PROBLEM TO WORK ON - Drop the pictures and restate the rest of the listing word for word.

··· MATERIAL PROVIDED

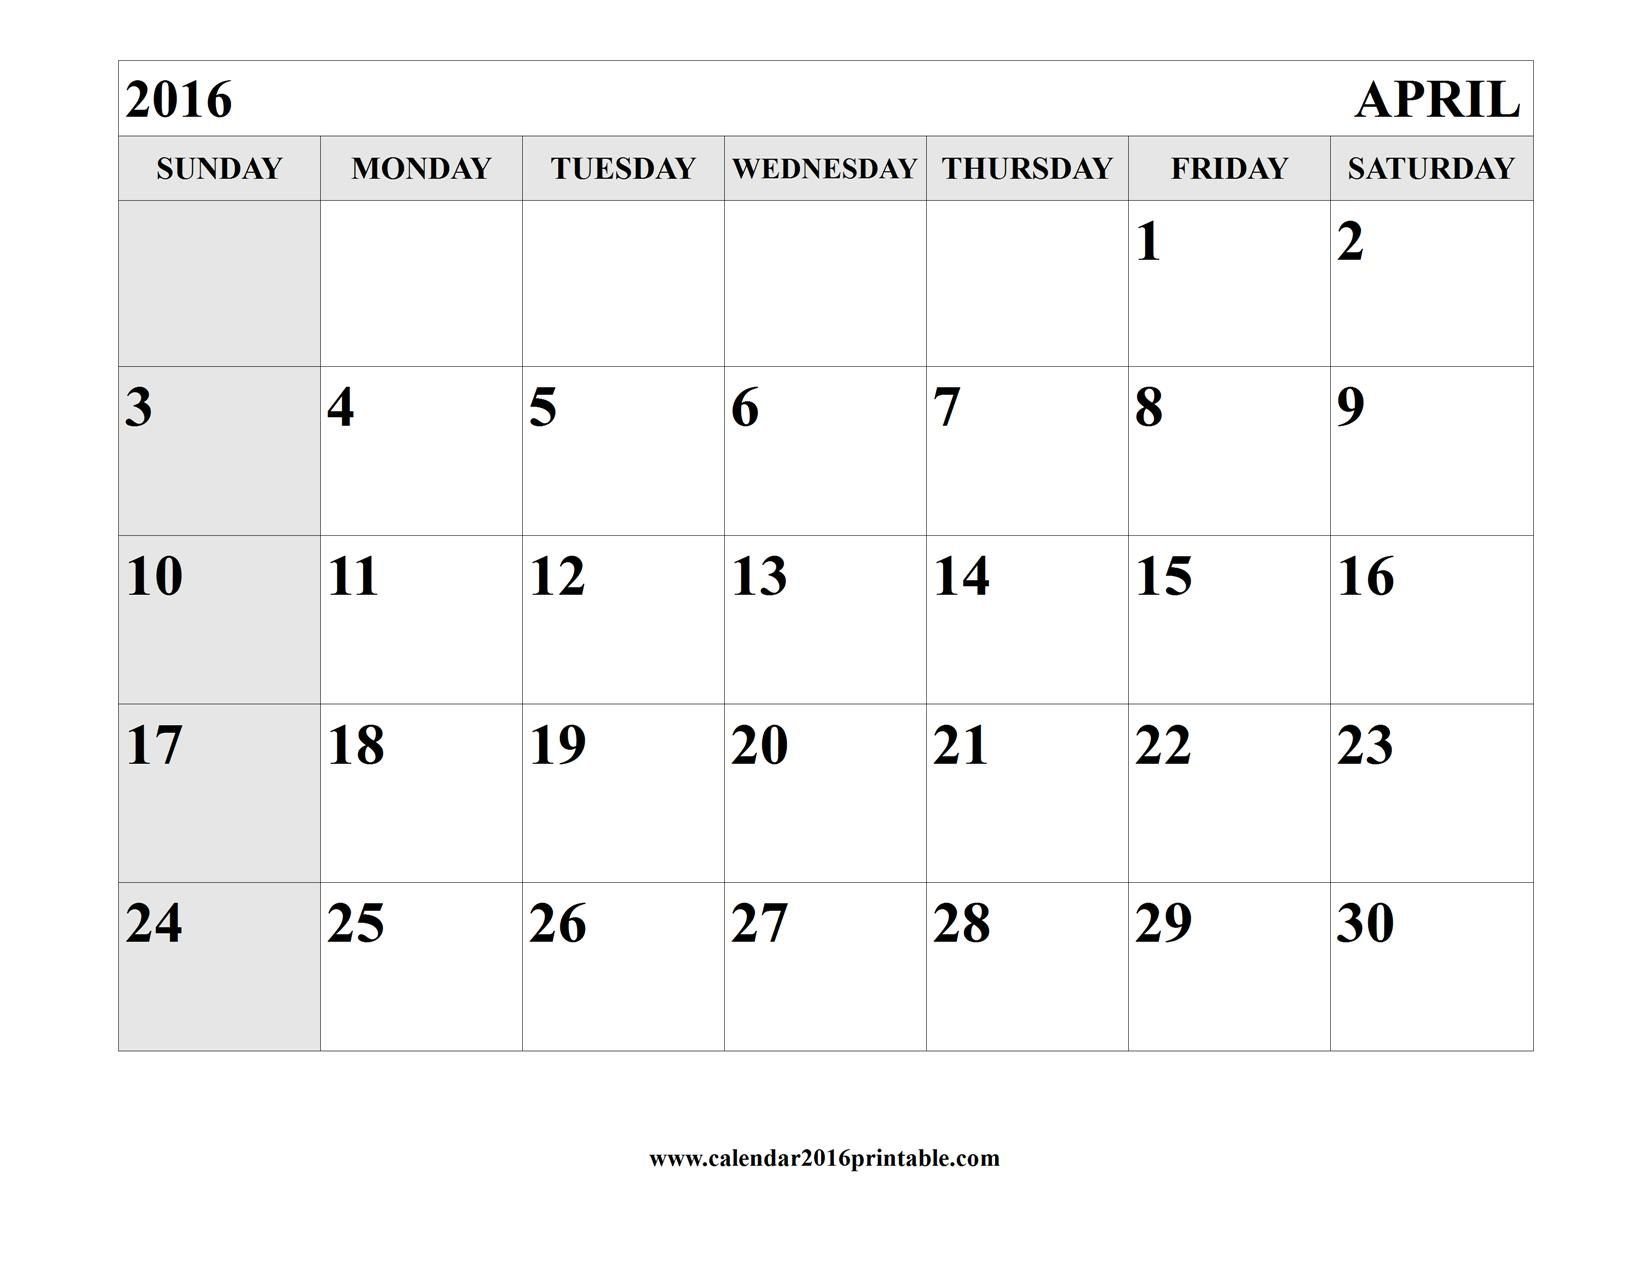 April 2016 Calendar Printable Template | Calendar Template Calender That Yopu Can Eedit
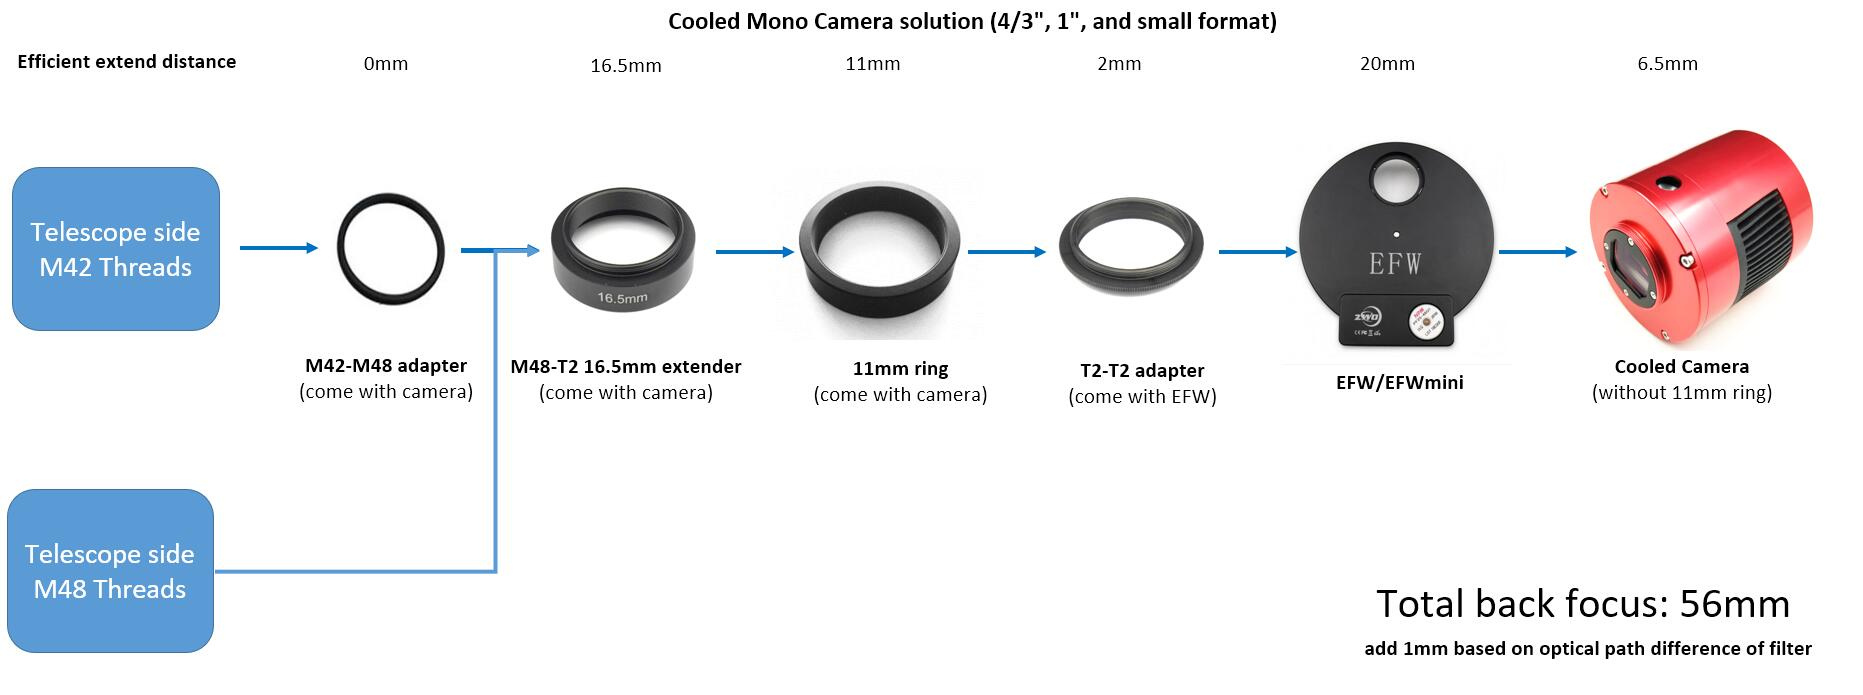 Cooled-Mono-Camera-solution.jpg
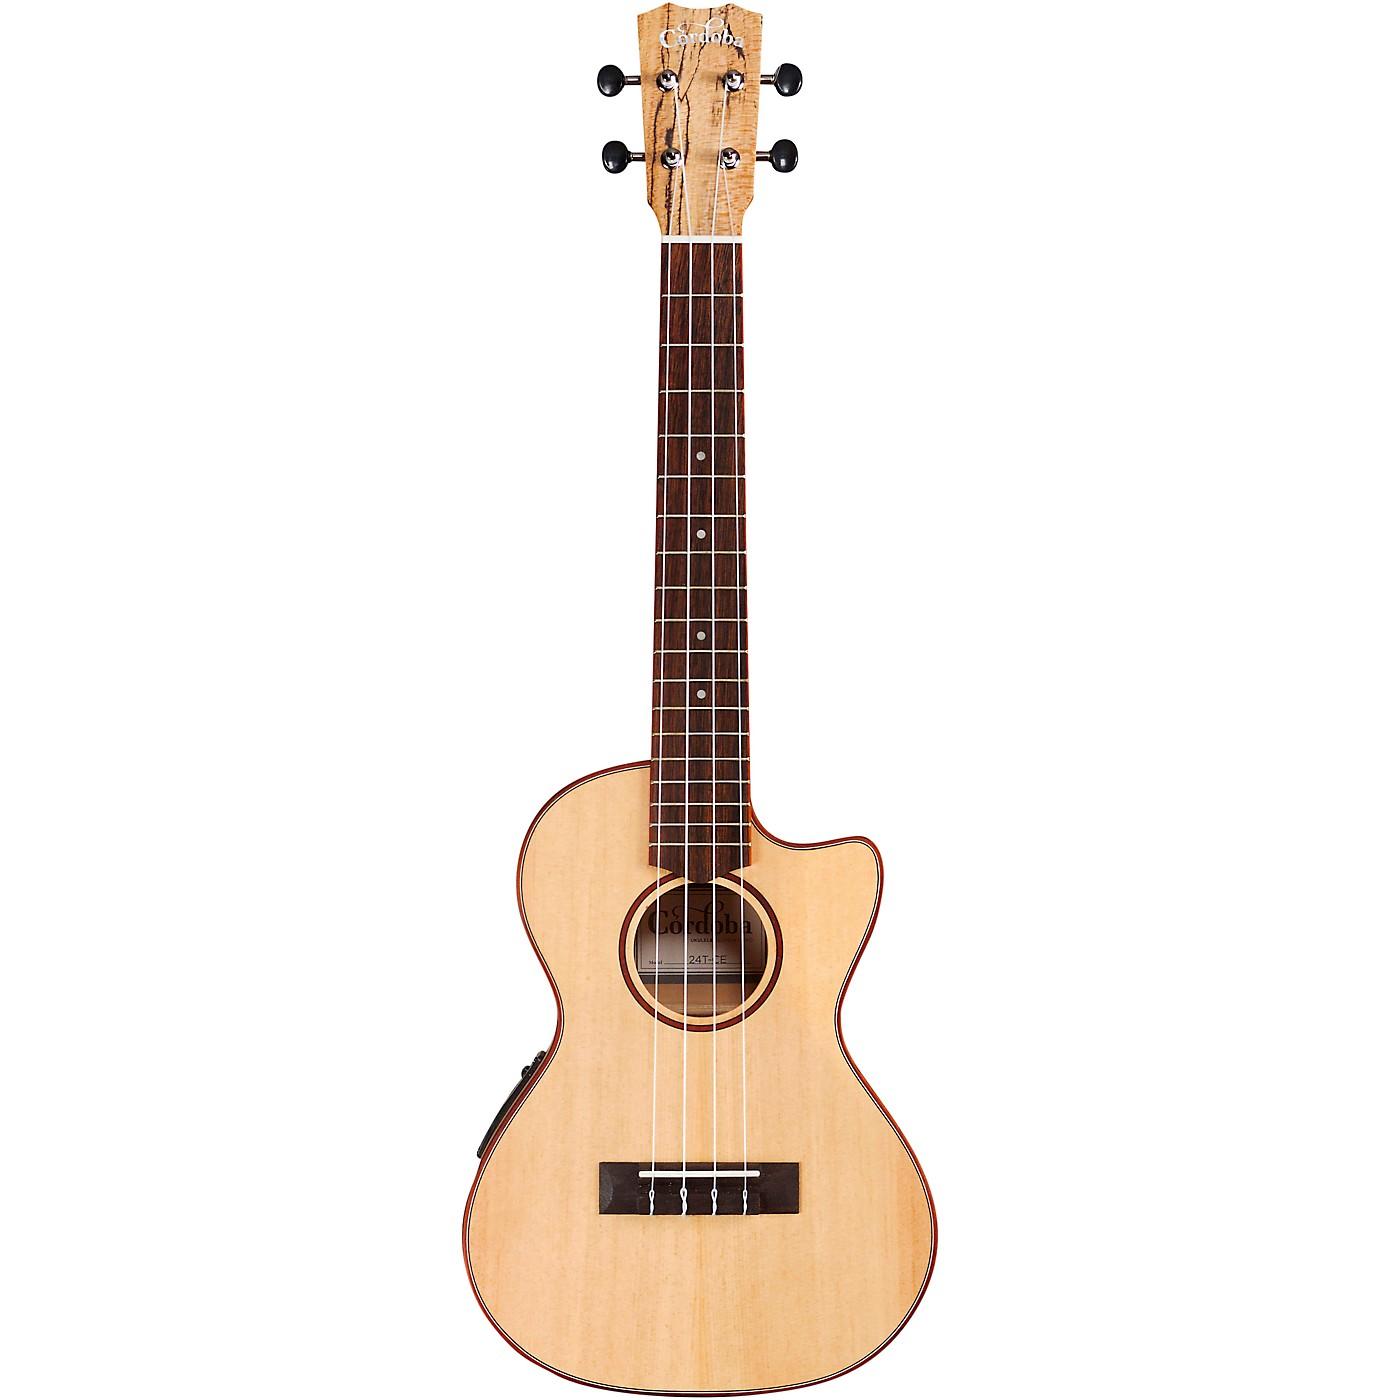 Cordoba 24T-CE Spruce Spalted Maple Cutaway Tenor Acoustic-Electric Ukulele thumbnail

······

SOLUTION FOR THIS EXERCISE -
 April 2016 Calendar Printable Template | Calendar Template Calender That Yopu Can Eedit
 Cooled-Mono-Camera-solution.jpg
 Cordoba 24T-CE Spruce Spalted Maple Cutaway Tenor Acoustic-Electric Ukulele thumbnail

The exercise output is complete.